• Exercise goal: Below are records; count the lines that contain "hubs" and state only that count.

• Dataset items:
· · · · ·

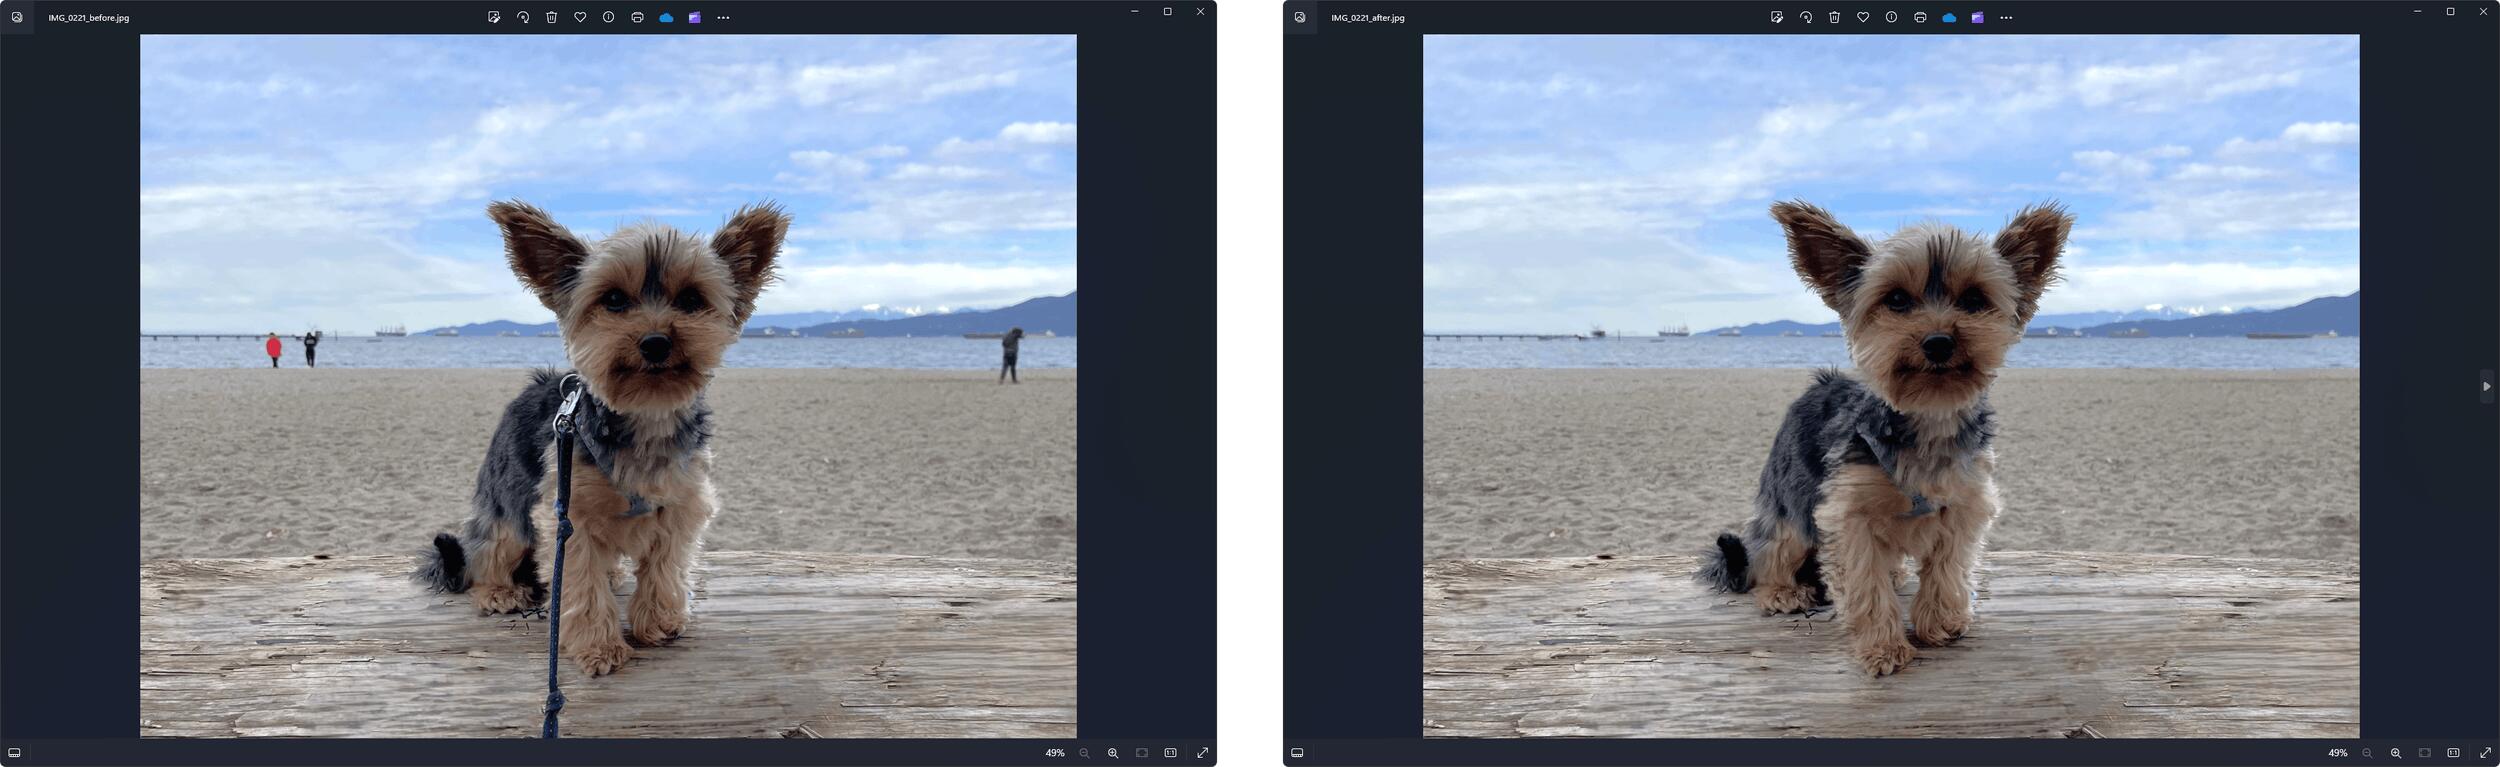 Windows Photos App Generative Erase
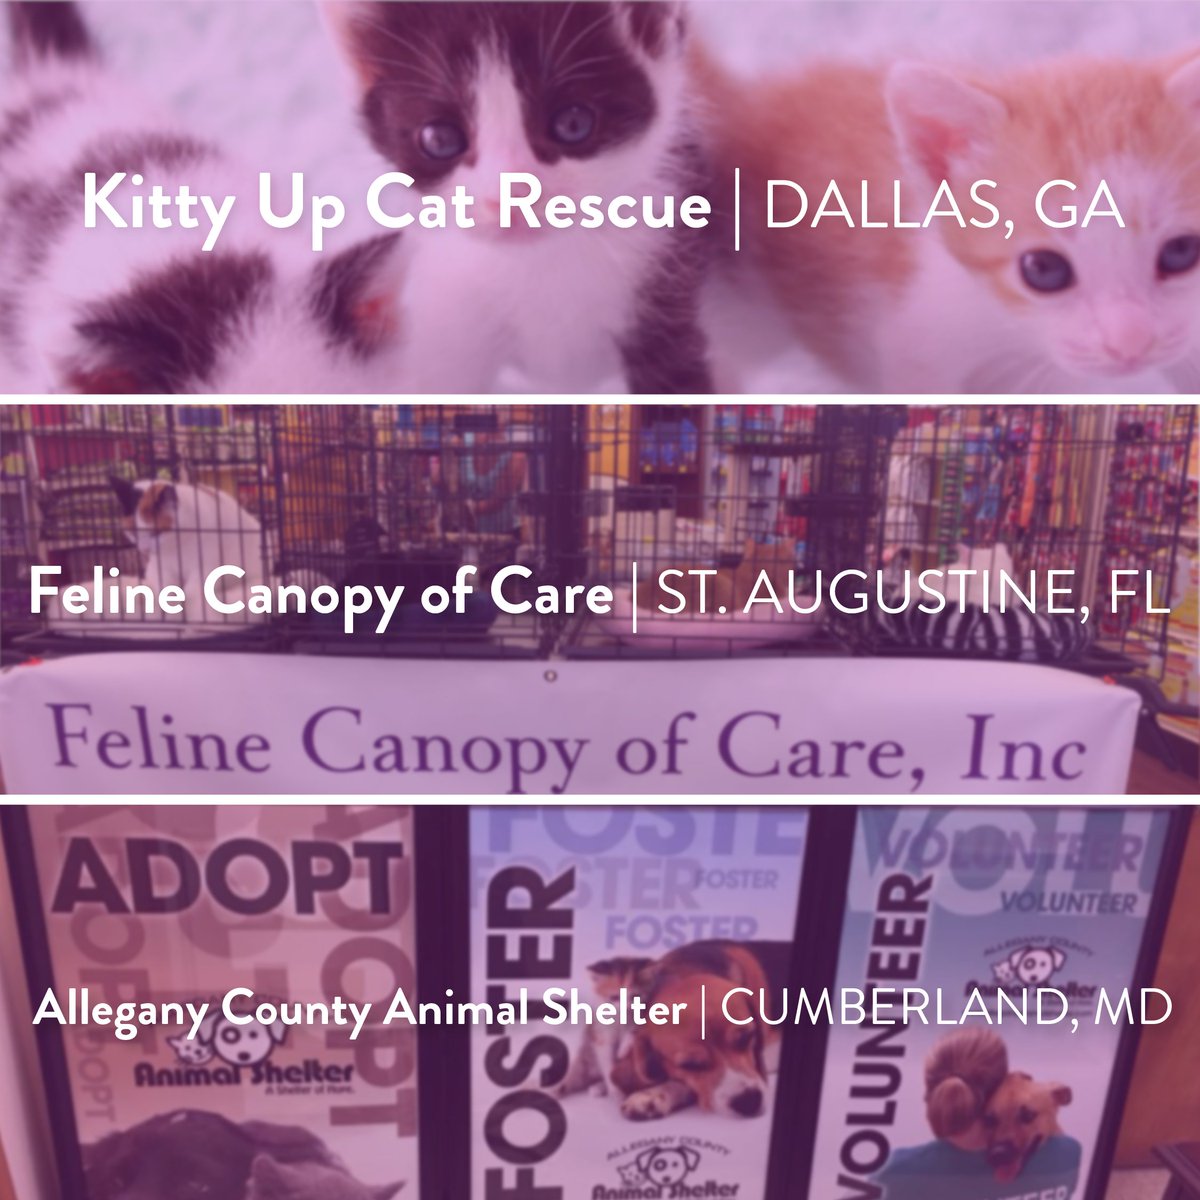 It's #PetAppreciationMonth! Check out all 3 shelter spotlight blogs! 🌟

Kitty Up Cat Rescue Shelter Spotlight: hubs.li/Q01ddQjc0
Feline Canopy of Care, Inc. Shelter Spotlight: hubs.li/Q01ddZ4P0
Allegany County Animal Shelter Shelter Spotlight: hubs.li/Q01ddS-m0

· · · · ·

• Your solution: 3